The TSLA Market / Economy

I don’t think I could be in the same room as this guy for 5 seconds

Yesterday I drove into a Chevron station in downtown Portland and regular would’ve cost $6.38/gallon if I paid with a non-Chevron credit card, can anyone beat that? I just drove away and one block away an Astro station was $1 cheaper/gallon. AAA’s national average today is $3.83/gallon. I have no idea what is going on w/ POR gas prices, seems like nonsense.

Saw a friend complaining about $6.49 in the Bay.

1 Like

Electricity in NH has doubled over the past couple of months. Like literally doubled lol. Has that happened anywhere else is in the US?

I’ve been getting apologetic notifications from the electric company about rate increases. Thankfully the bill is autopay, because I’m afraid to look at it.

2 Likes
1 Like

Giving everyone money in response to inflation seems like ill advised solution

8 Likes

Some definite the Fed beatings will continue until morale improves job numbers so we’ll see where the market goes today.

1 Like

stanks :chart_with_downwards_trend:

Holy not stonks. Jesus

Can’t take it any more moved my future 401k to much lower risk i.e. one that’s only down 12% this year as opposed to 18%

Paper hands!

4 Likes

Why not keep pumping it in when it’s down? We’re all fucked anyway if we get the Japan scenario. (I wouldn’t be, but it will blow up public worker pensions and blow up anybody carrying or holding debt and we will all get taken down in the wash.)

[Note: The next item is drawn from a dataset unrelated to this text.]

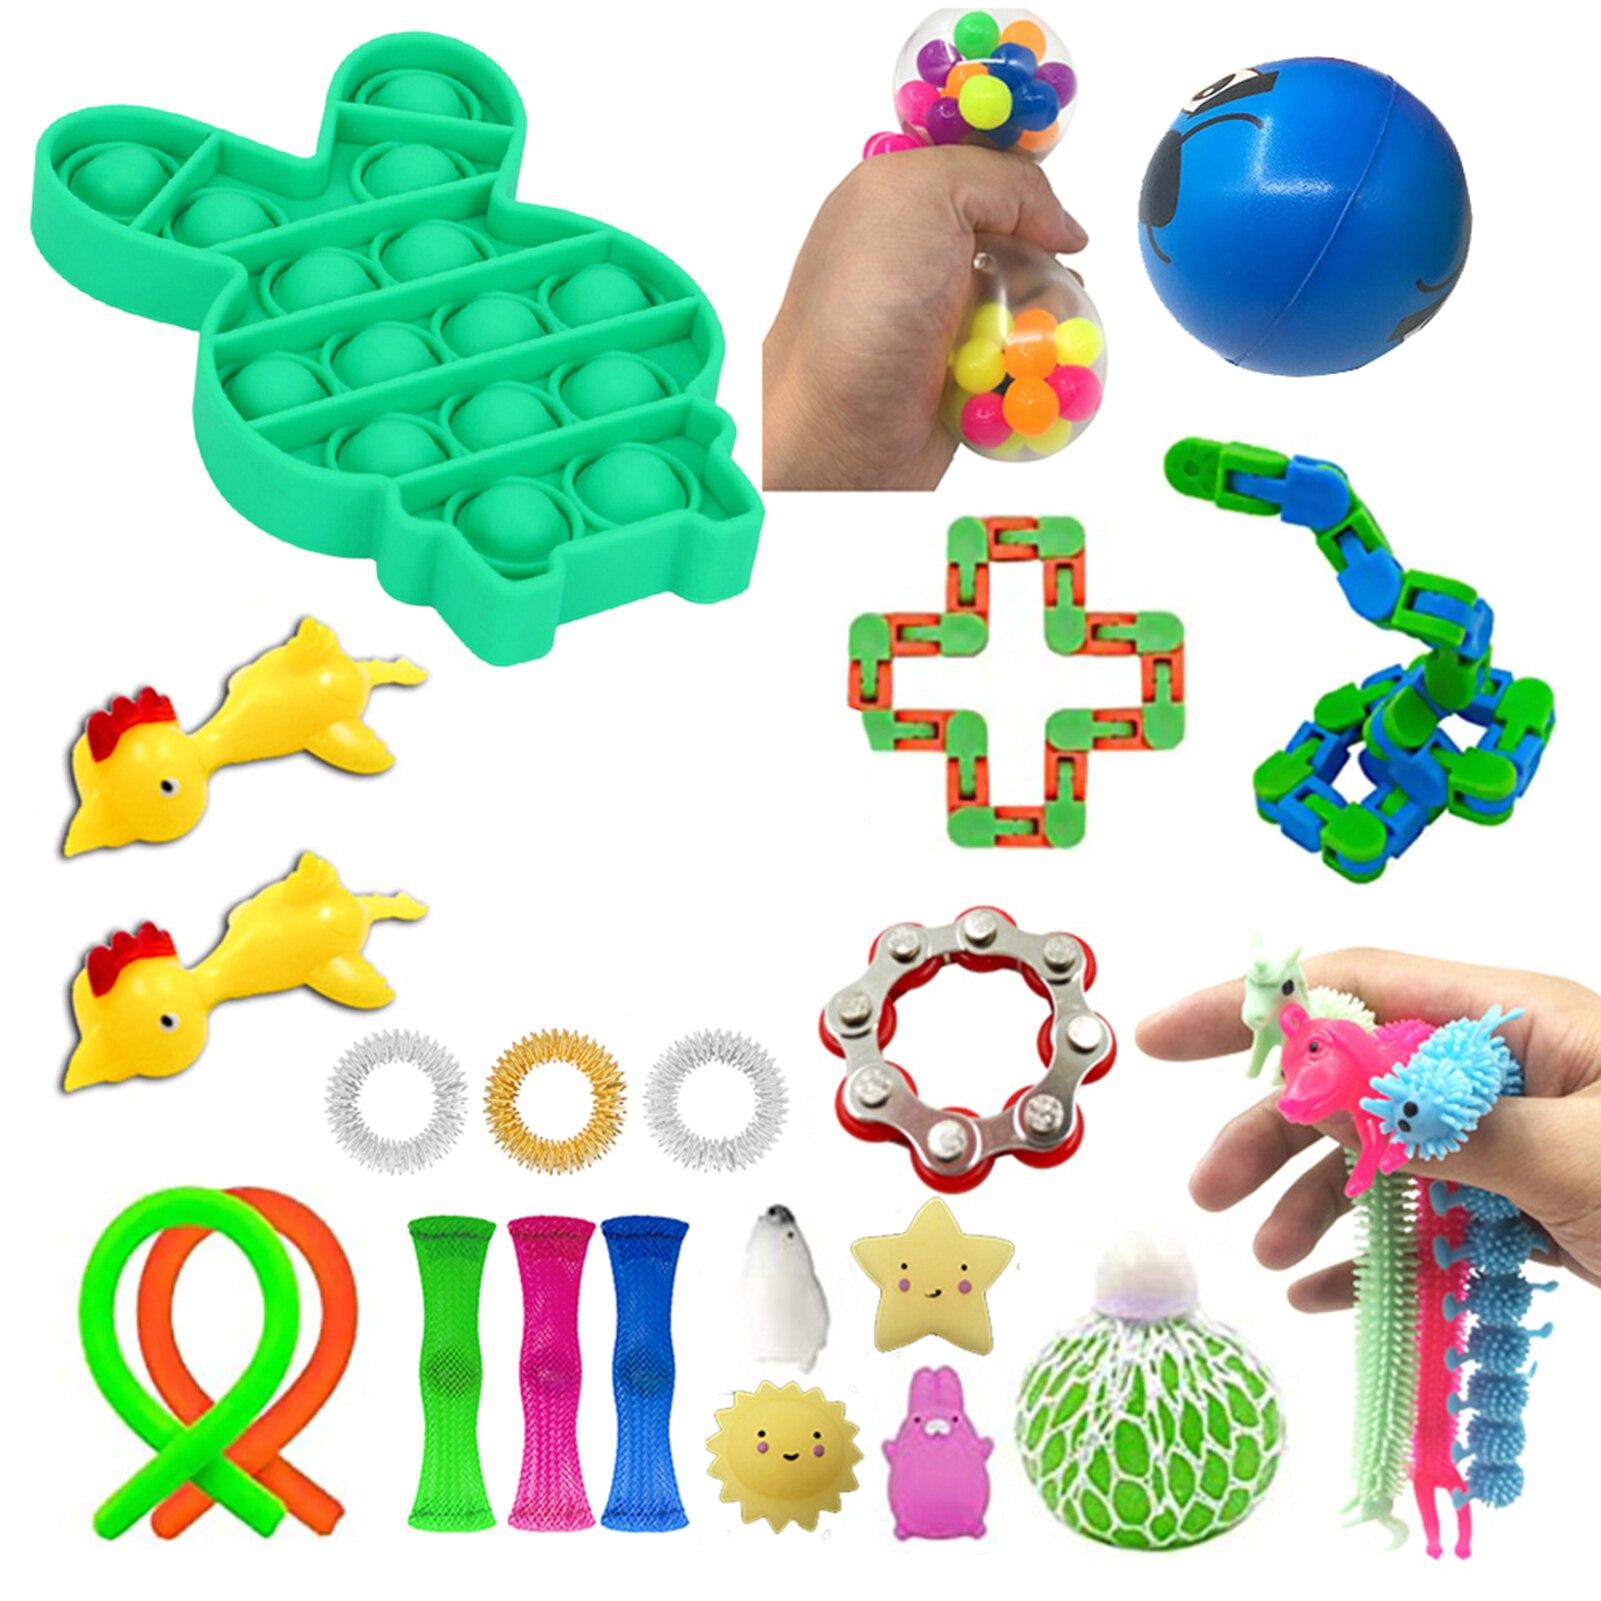 Lot de 24 jouets sensoriels Fidget ensemble de jouets anti-Stress pour enfants adultes lot de 24 jouets sensoriels Fidget ensemble de jouets anti-Stress pour enfants

I’m just throwing darts like all of you =/ its still mostly same BS stonks that are crushed this year anyways

where are you seeing these funds that are outperforming the market by 6/12%? i need to look into that

1 Like

krugman laying it out pretty thick. maybe the fed is to blame.

For example, a new report shows that unfilled job offerings fell sharply in August. Why is this important? Many economists — especially economists who have been warning about persistent inflation — argue that the tightness of the labor market is better measured by the ratio of job vacancies to unemployment than by the unemployment rate itself. But this ratio, while still elevated, has already dropped substantially; as Goldman Sachs puts it, almost half of the gap between jobs and workers has been eliminated over the past few months.

Another new report shows that demand for apartments has stalled, which will eventually translate into a decline in rent growth — which basically drives official estimates of the cost of shelter, a key component of most measures of underlying inflation.

Oh, and remember all those supply-chain problems that disrupted the economy and raised inflation some months back? Well, the cost of shipping a container across the Pacific, which was $20,586 in September 2021, is now $2,265.

I’d argue that these indicators tell us that the Fed has already done enough to ensure a big decline in inflation — but also, all too possibly, a recession.

Am I completely sure about this? No, of course not. But policy always involves a trade-off between risks. And the risk that the Fed is doing too little seems to be rapidly receding, while the risk that it’s doing too much is rising.

He probably just meant a fund which has a high allocation to bonds relative to stocks.

Not sure what a ‘future 401k’ is, but this sounds like a mistake.

1 Like

Future contributions to my 401k.

I looked at my performance for this year vs last year and I’m down like 2k and was like “oh that’s not bad”. Then I realized that’s counting the almost 20k I’ve put in this year. :expressionless:

Ok. Assuming you are in low-cost, passive funds, then your performance is just a consequence of asset allocation. You would do well to decide what your ideal asset allocation is and stick with it, and not react to volatility.